[Opening DATA RECORDS section]
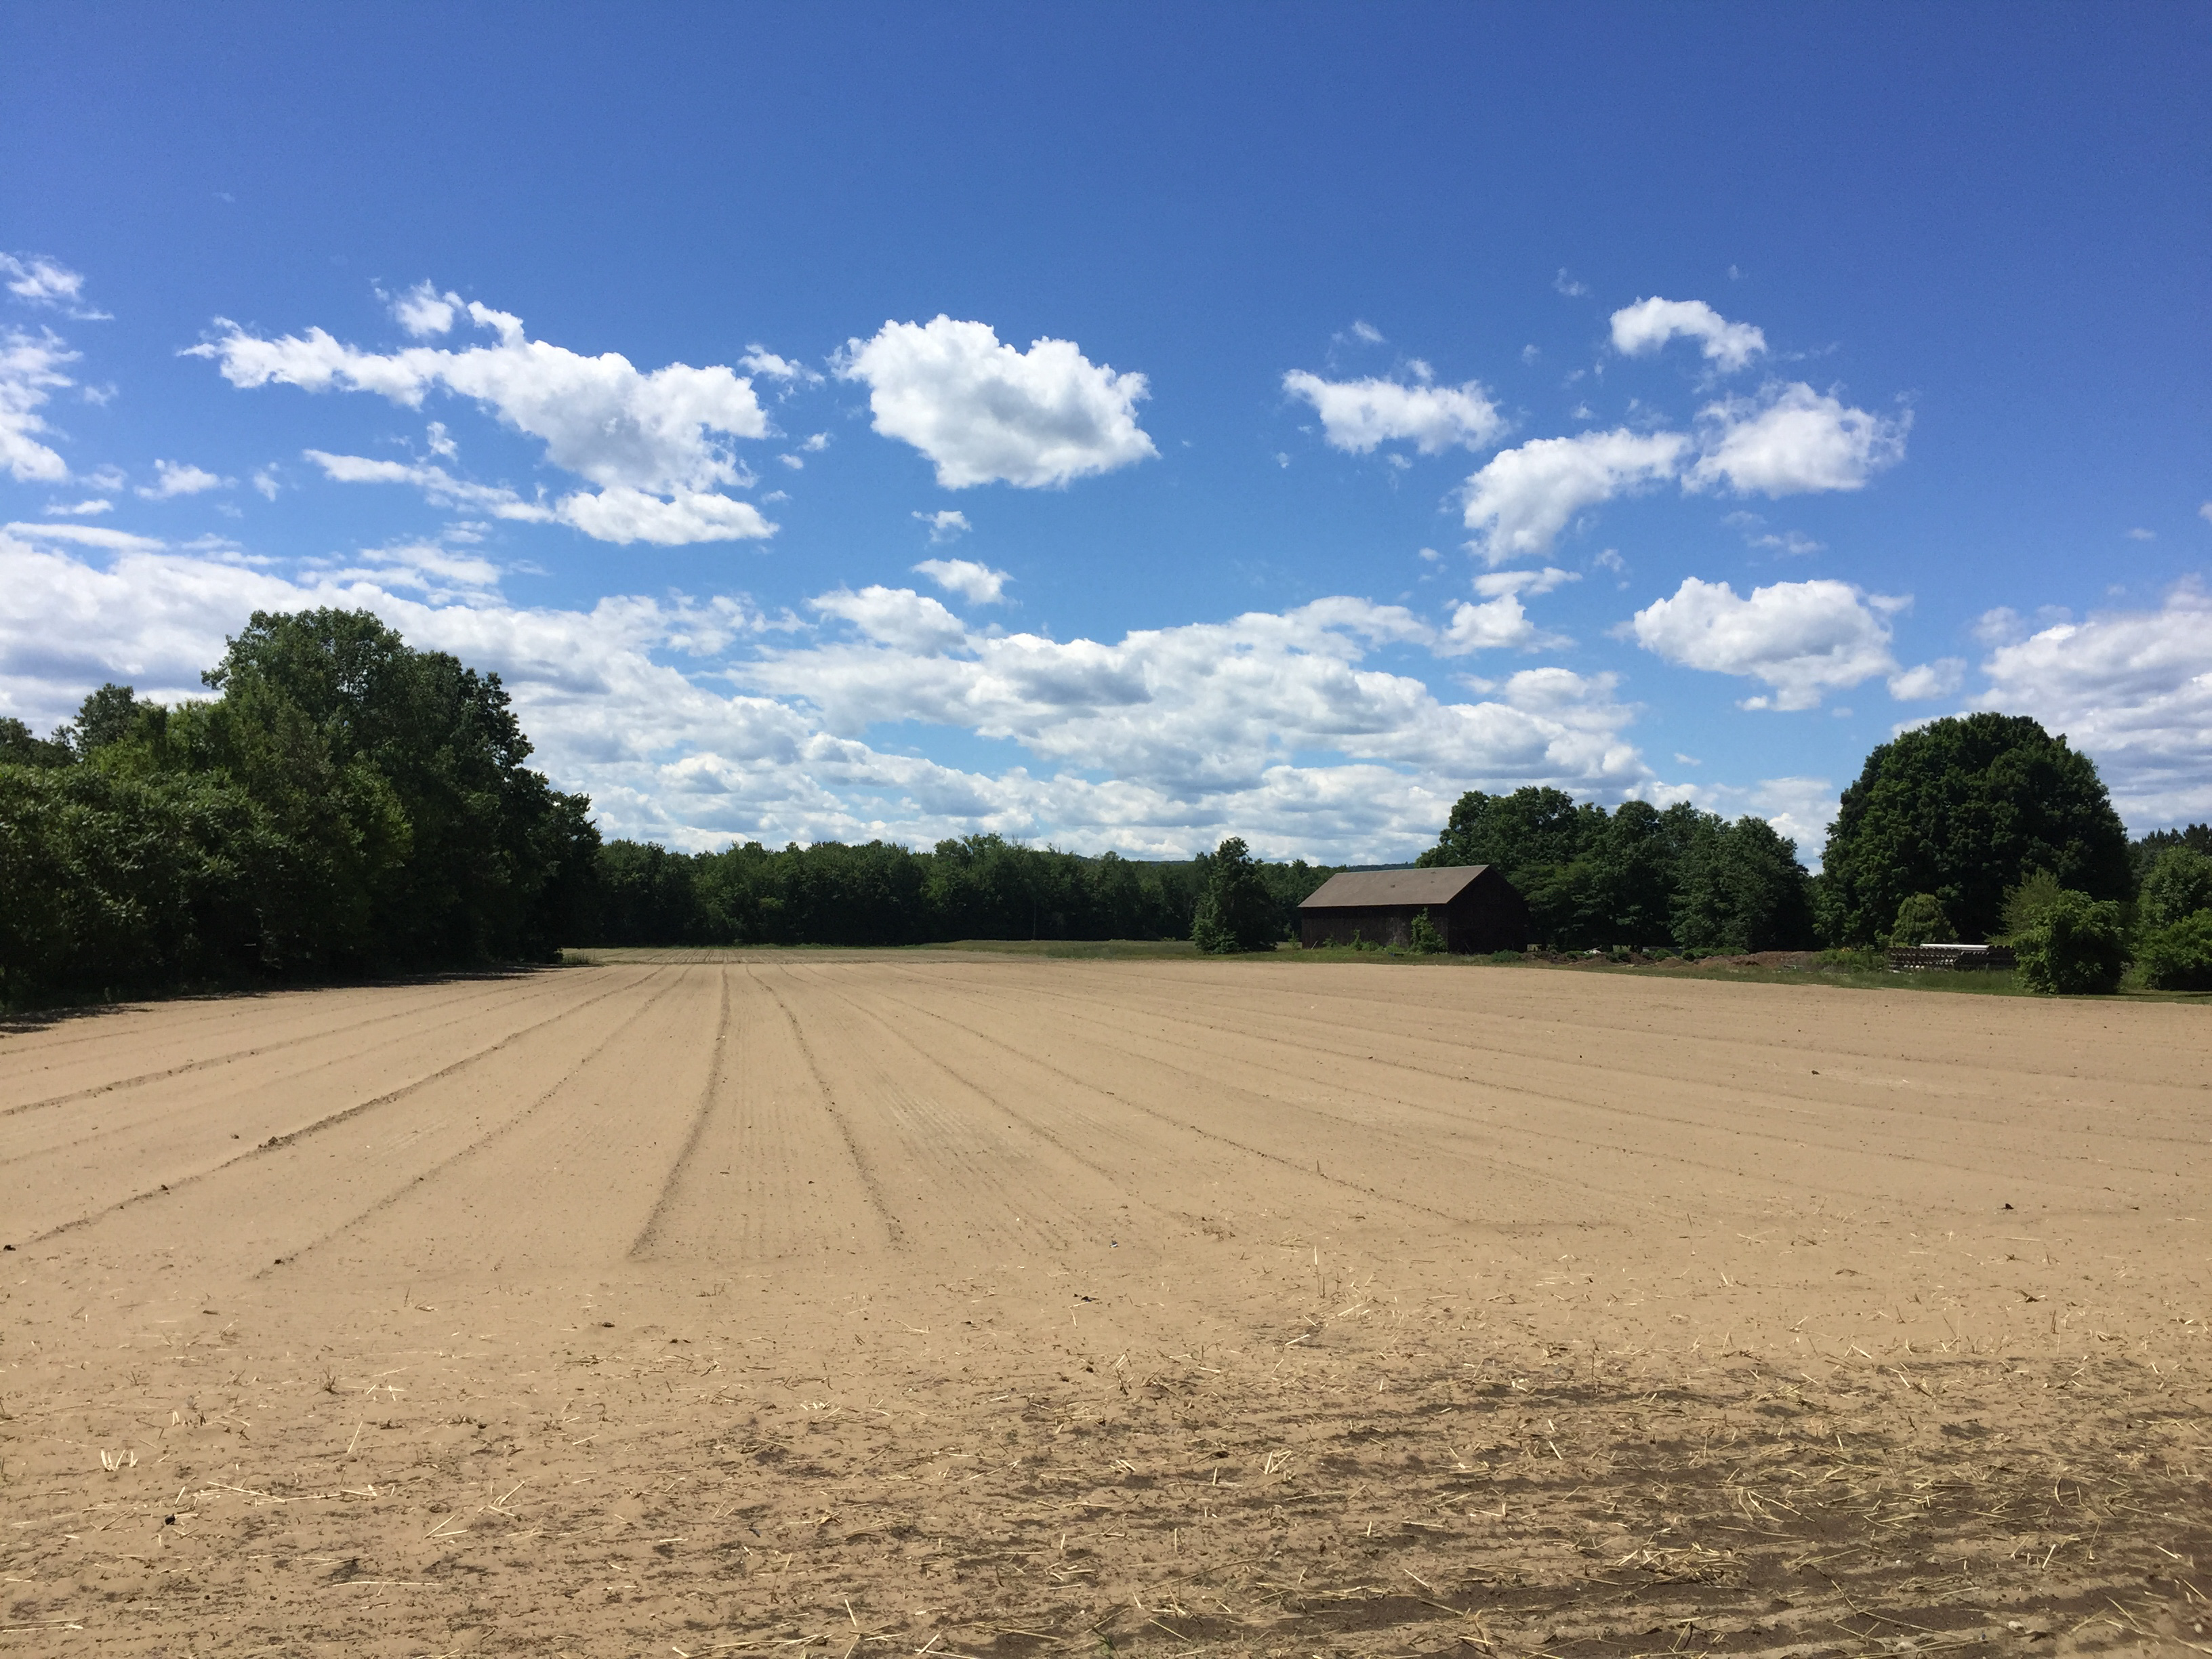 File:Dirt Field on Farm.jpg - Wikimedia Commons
[Closing DATA RECORDS section]
[Opening DATA RECORDS section]
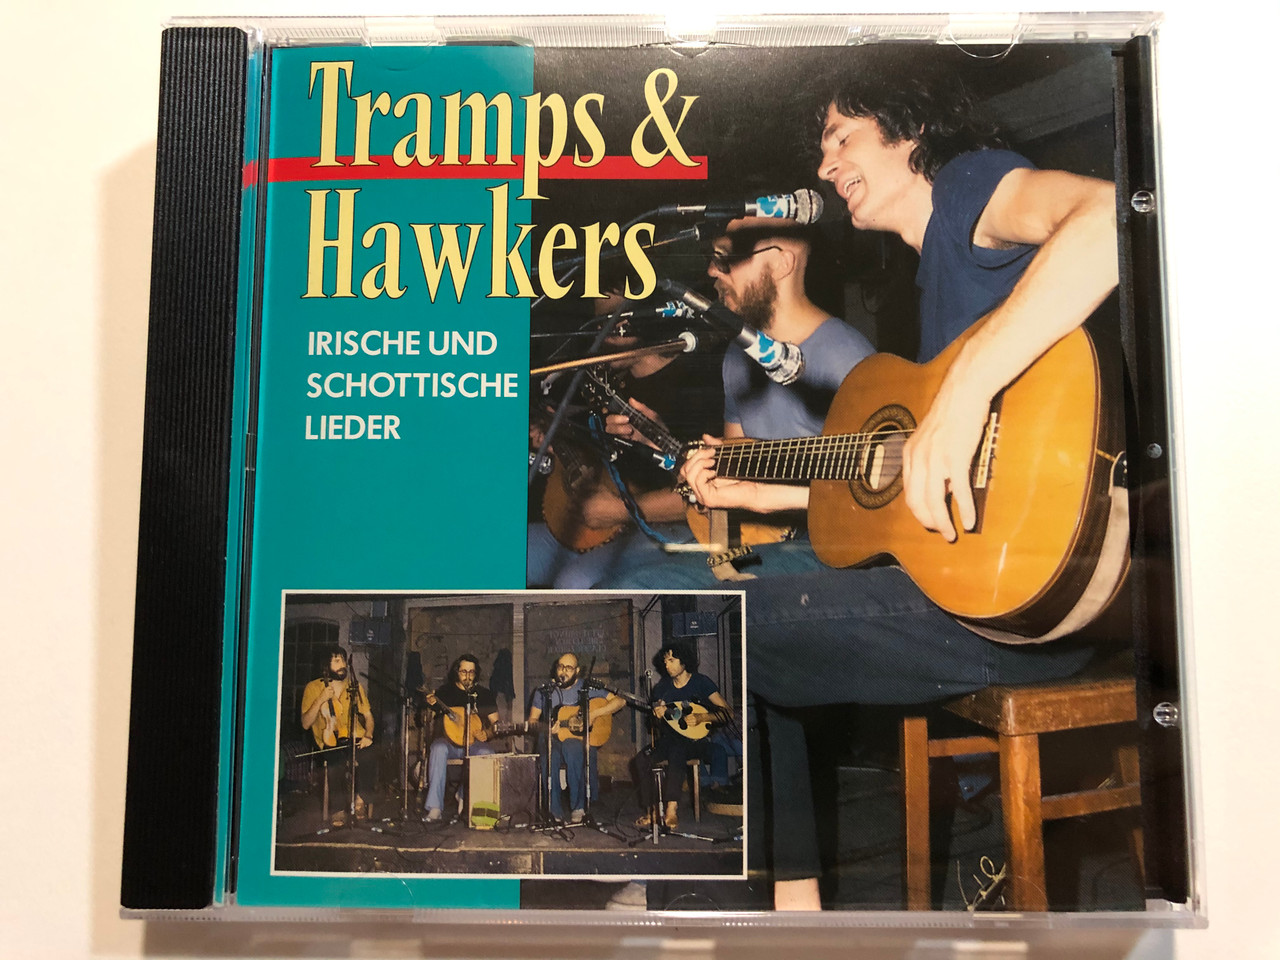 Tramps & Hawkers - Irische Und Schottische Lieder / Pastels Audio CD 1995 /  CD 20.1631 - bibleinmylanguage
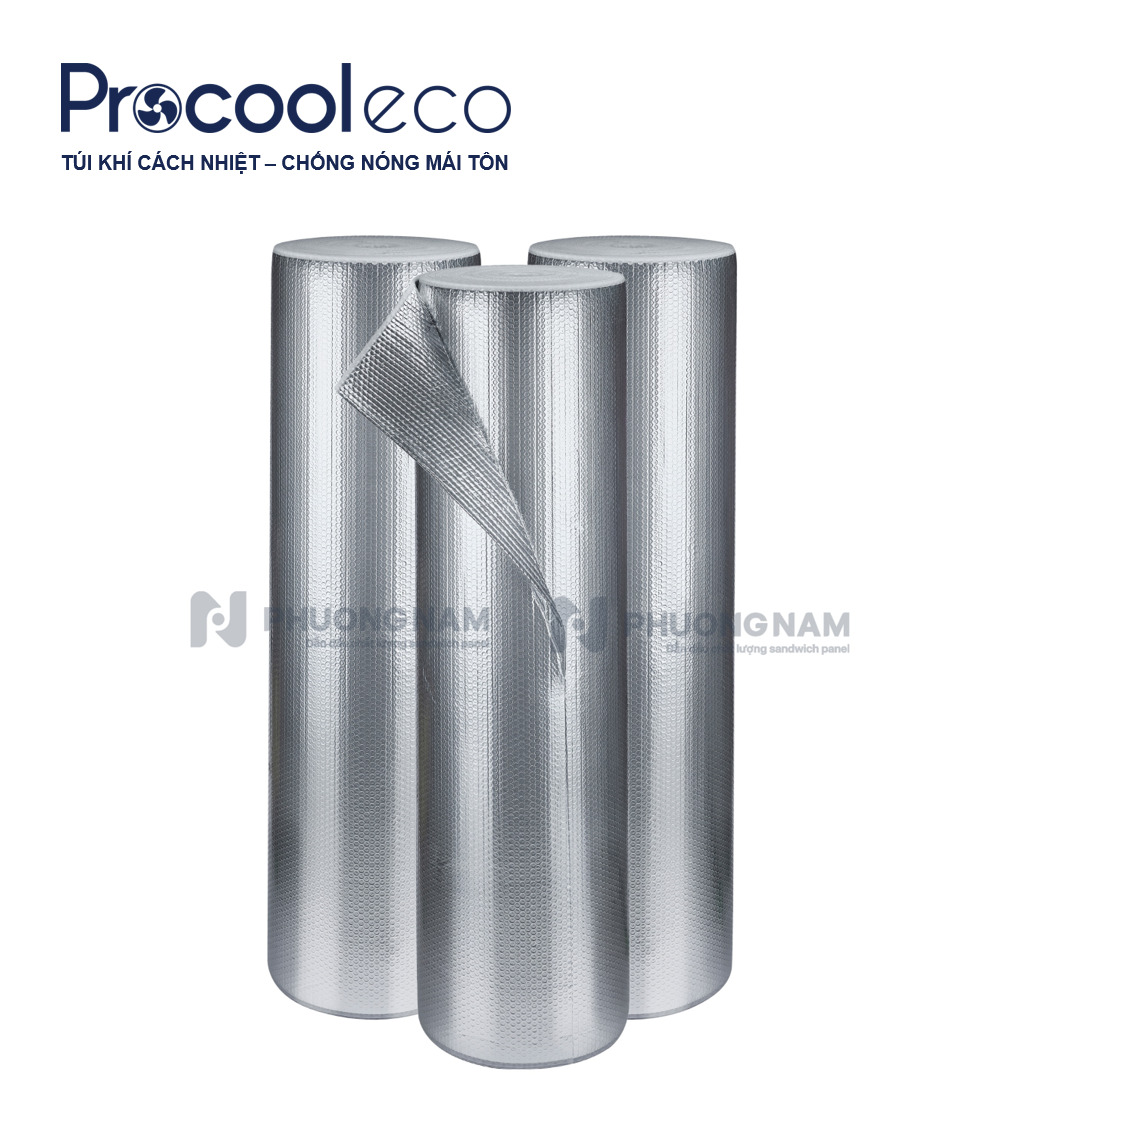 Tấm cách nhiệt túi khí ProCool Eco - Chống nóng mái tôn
[Closing DATA RECORDS section]
* [TASK PROMPT]:
Range to copy from the listing above: the line with "Tramps & Hawkers" through the line with "Tấm cách nhiệt". Transcribe it exactly and skip the pictures.

* [TASK ANSWER]:
 Tramps & Hawkers - Irische Und Schottische Lieder / Pastels Audio CD 1995 /  CD 20.1631 - bibleinmylanguage
 Tấm cách nhiệt túi khí ProCool Eco - Chống nóng mái tôn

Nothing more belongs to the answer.